BEGIN Given records

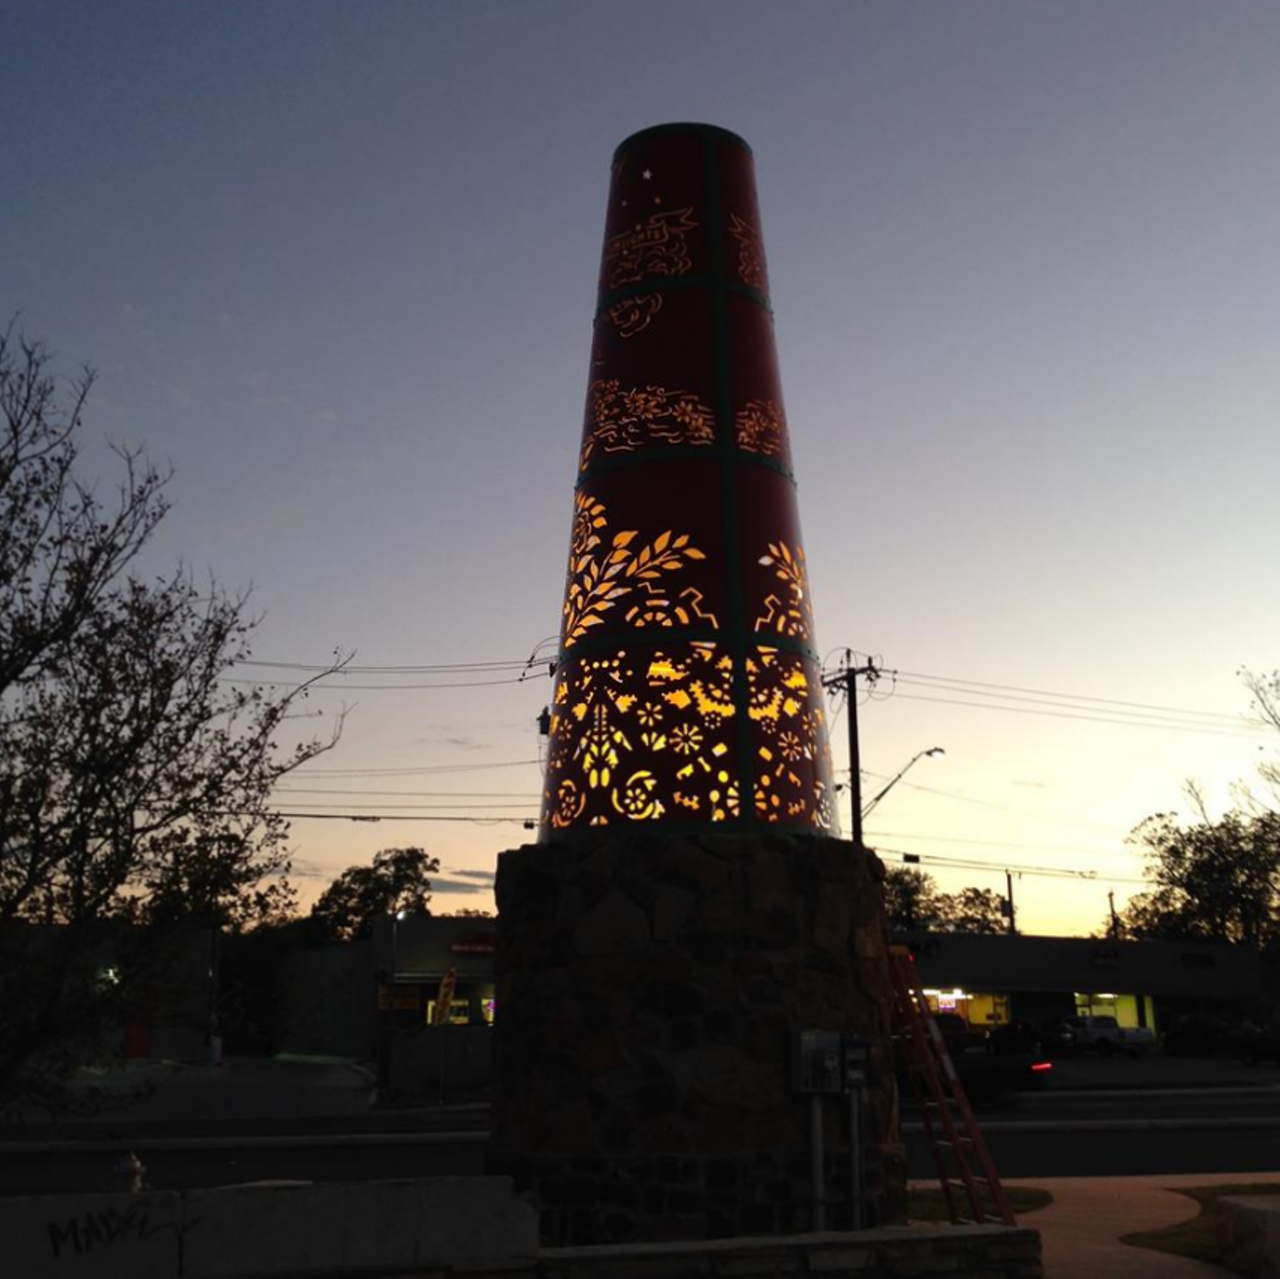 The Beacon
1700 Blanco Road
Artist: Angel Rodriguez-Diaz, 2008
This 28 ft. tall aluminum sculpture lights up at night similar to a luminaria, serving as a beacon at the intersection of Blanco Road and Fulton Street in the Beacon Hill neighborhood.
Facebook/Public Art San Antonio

END Given records

Exercise description -
The records above should be returned exactly, with only their pictures held back.

Task answer -
 The Beacon
1700 Blanco Road
Artist: Angel Rodriguez-Diaz, 2008
This 28 ft. tall aluminum sculpture lights up at night similar to a luminaria, serving as a beacon at the intersection of Blanco Road and Fulton Street in the Beacon Hill neighborhood.
Facebook/Public Art San Antonio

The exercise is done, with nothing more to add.